Gdy Neville na śniadaniu opowiadał ukochanej o liście od Harrego,
starał się jej okazywać jak najwięcej entuzjazmu choć coraz mniej był
przekonany, że to się może udać. Kolejne godziny mijały im powoli, co wcale nie
było dla nich w danej sytuacji dość dobre, tak naprawdę czekanie do wieczora
coraz bardziej ich irytowało. Najgorzej to czekanie przechodził Neville, był
tak mocno zdenerwowany ponieważ obawiał się jak przetrwa kolejne samotne noce
bez Luny, a w sytuacji w której się znaleźli nie mogli sobie nawet pozwolić na
spacery po błoniach zamku sam na sam bez obawy, że ktoś ich może zobaczyć.
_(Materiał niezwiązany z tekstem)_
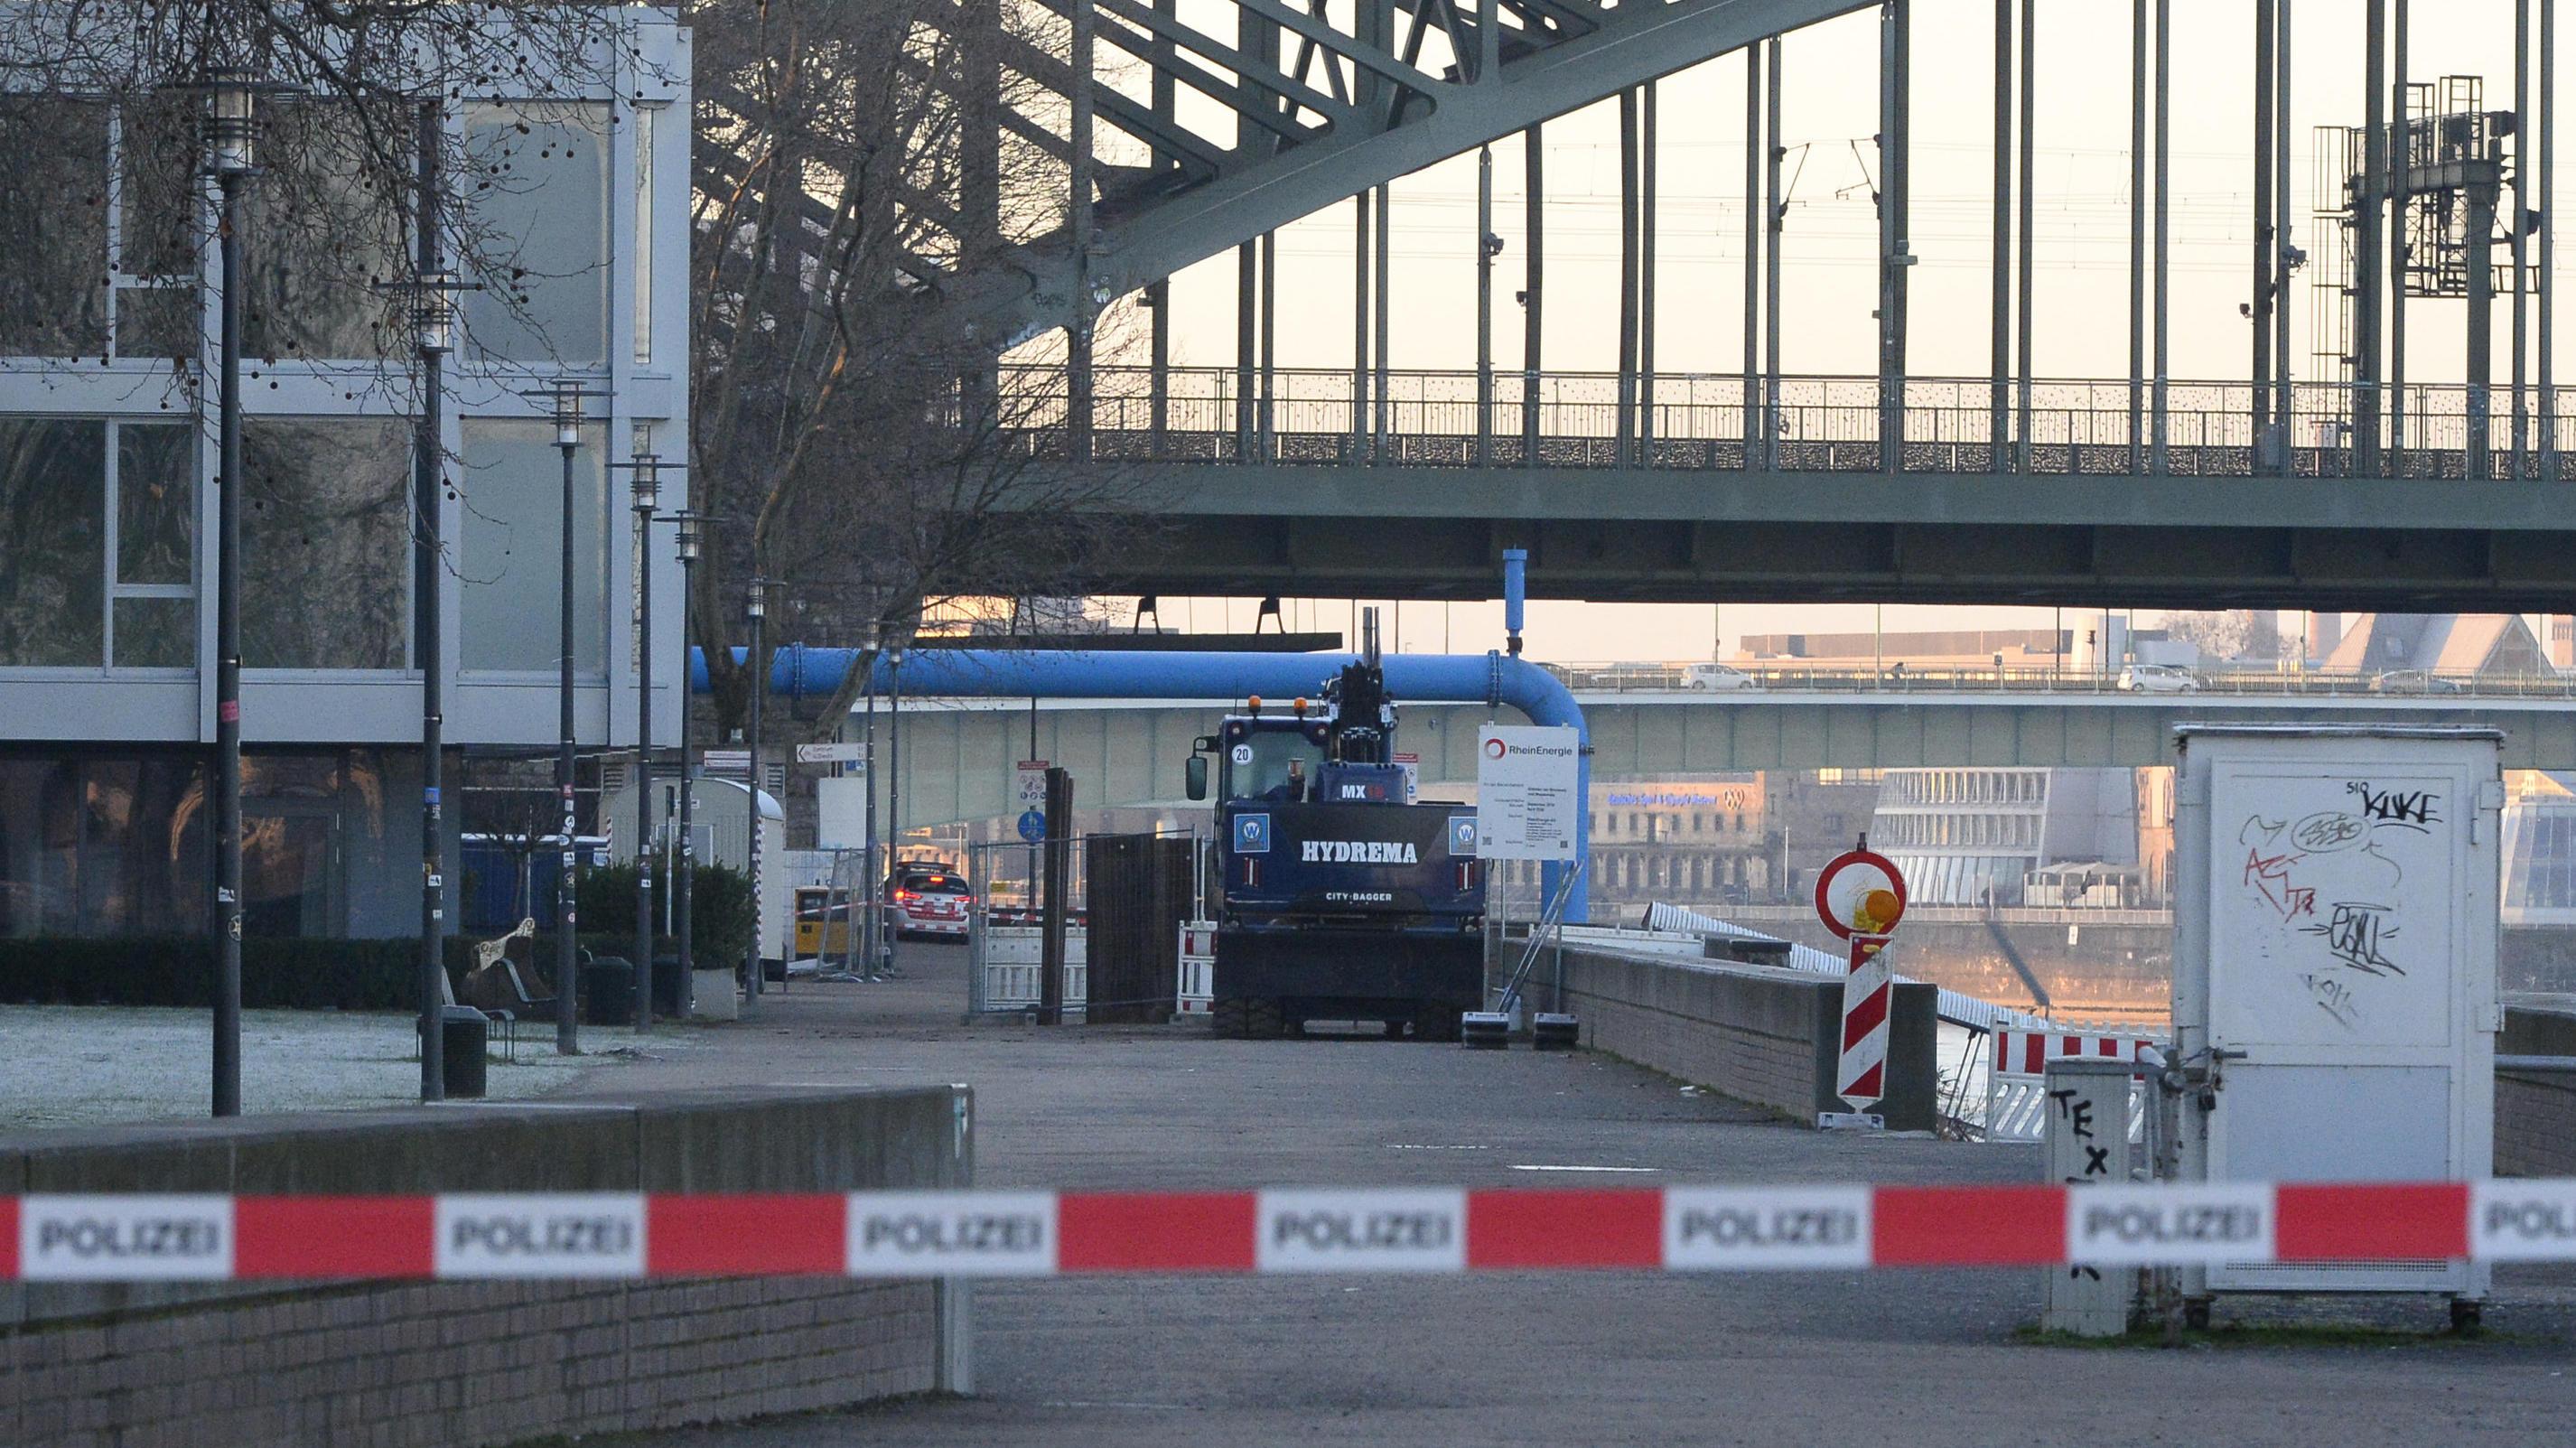 Bombenentschärfung Heute Köln

Niestety po tej całej akcji z McGonagall nie mogli liczyć na nic,
zostały im tylko letnie wakacje do których zostało Jeszce długie pięć miesięcy,
a na to nie mógł sobie pozwolić, nie był pewny czy tyle wytrzyma, po tylu
miesiącach marzeń o ukochanej miał to teraz strącić? Choć w rzeczywistości to
czego pragnie miał na wyciagnięcie ręki? To nawet nie wchodziło w rachubę!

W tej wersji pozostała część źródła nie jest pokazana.